Analyzing Elasticities and Their Impact on Consumption
In this analysis, we will examine the elasticities of demand for good X, including own price elasticity, income elasticity, advertising elasticity, and cross-price elasticity with good Y. We will then determine how changes in various factors affect the consumption of good X.
Elasticities Data
– Own Price Elasticity of Demand (PED) = 5
– Income Elasticity of Demand = 1
– Advertising Elasticity of Demand = 4
– Cross-Price Elasticity of Demand with Good Y = 3
Impact on Consumption
1. Price of Good X Decreases by 6%
– Using own price elasticity: PED = %ΔQd / %ΔP
– Given PED = 5 and %ΔP = -6%
– %ΔQd = PED * %ΔP = 5 * (-6%) = -30%
– The consumption of good X will decrease by 30%.

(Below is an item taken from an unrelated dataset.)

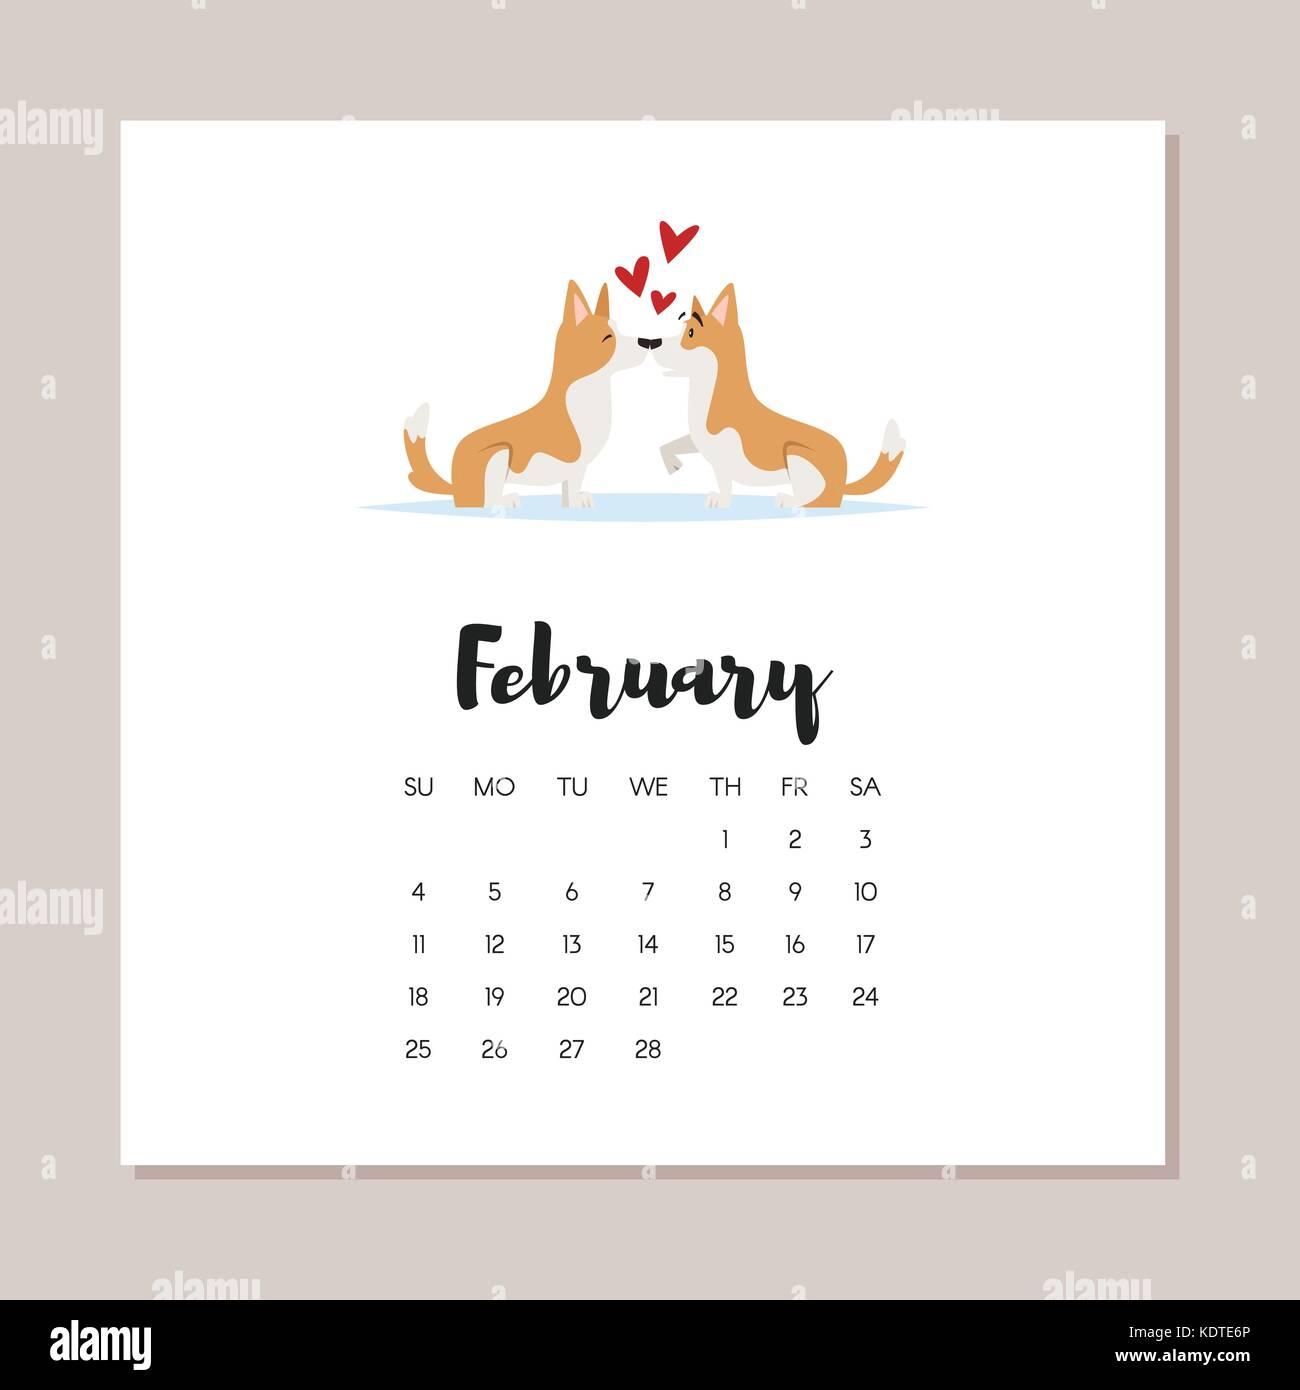 February Calendar Illustration : Vector cartoon style illustration of february dog
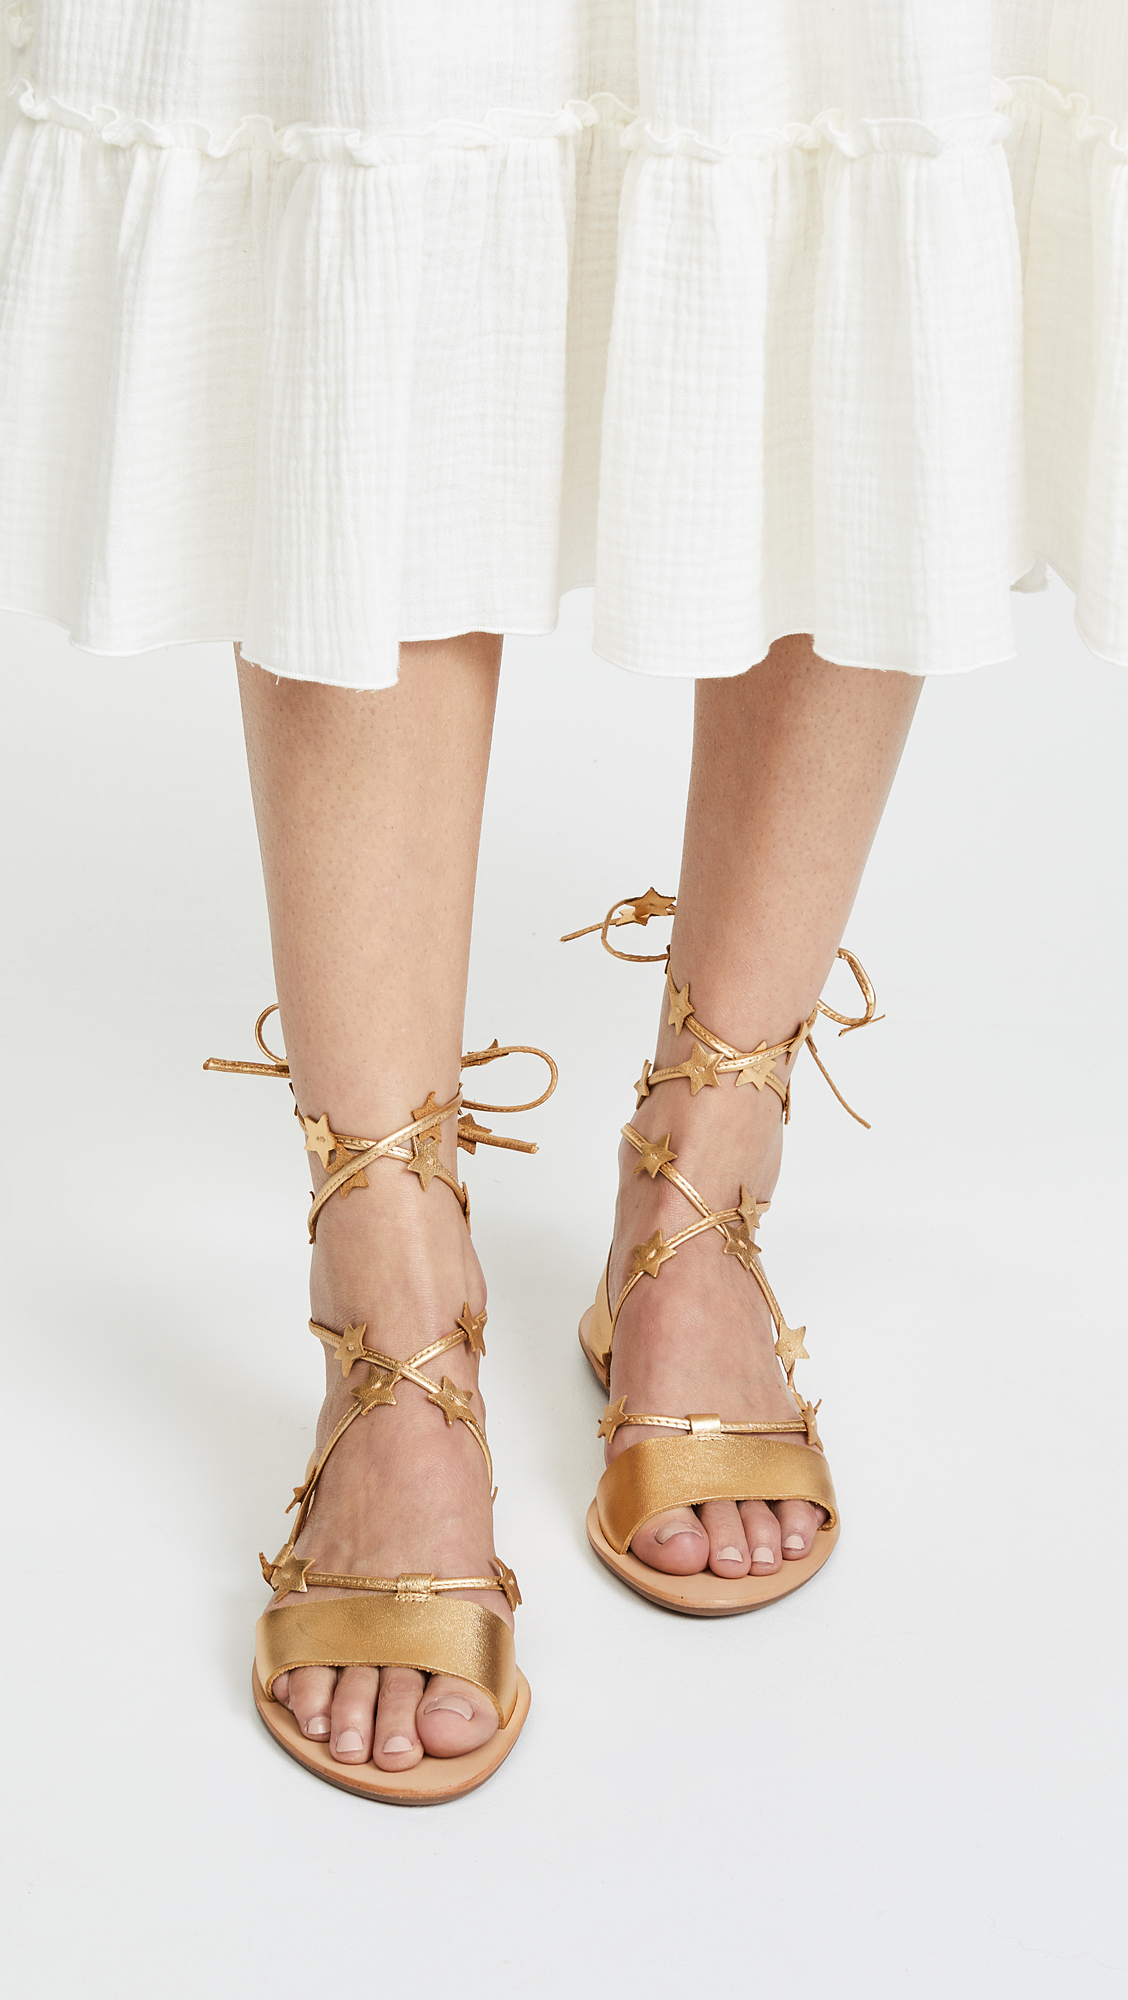 464ac4daf290 Loeffler Randall Starla Flat Sandals

2. Price of Good Y Increases by 7%
– Using cross-price elasticity: XED = %ΔQd_X / %ΔP_Y
– Given XED = 3 and %ΔP_Y = 7%
– %ΔQd_X = XED * %ΔP_Y = 3 * 7% = 21%
– The consumption of good X will increase by 21%.
3. Advertising Decreases by 2%
– Using advertising elasticity: AED = %ΔQd / %ΔA
– Given AED = 4 and %ΔA = -2%
– %ΔQd = AED * %ΔA = 4 * (-2%) = -8%
– The consumption of good X will decrease by 8%.
4. Income Increases by 3%
– Using income elasticity: YED = %ΔQd / %ΔY
– Given YED = 1 and %ΔY = 3%
– %ΔQd = YED * %ΔY = 1 * 3% = 3%
– The consumption of good X will increase by 3%.
Conclusion
The elasticities of demand provide valuable insights into how changes in prices, income, advertising, and cross-prices affect the consumption of a good. By understanding these elasticities, businesses can predict and adapt to shifts in consumer behavior, leading to more effective pricing and marketing strategies for optimizing their market performance and profitability.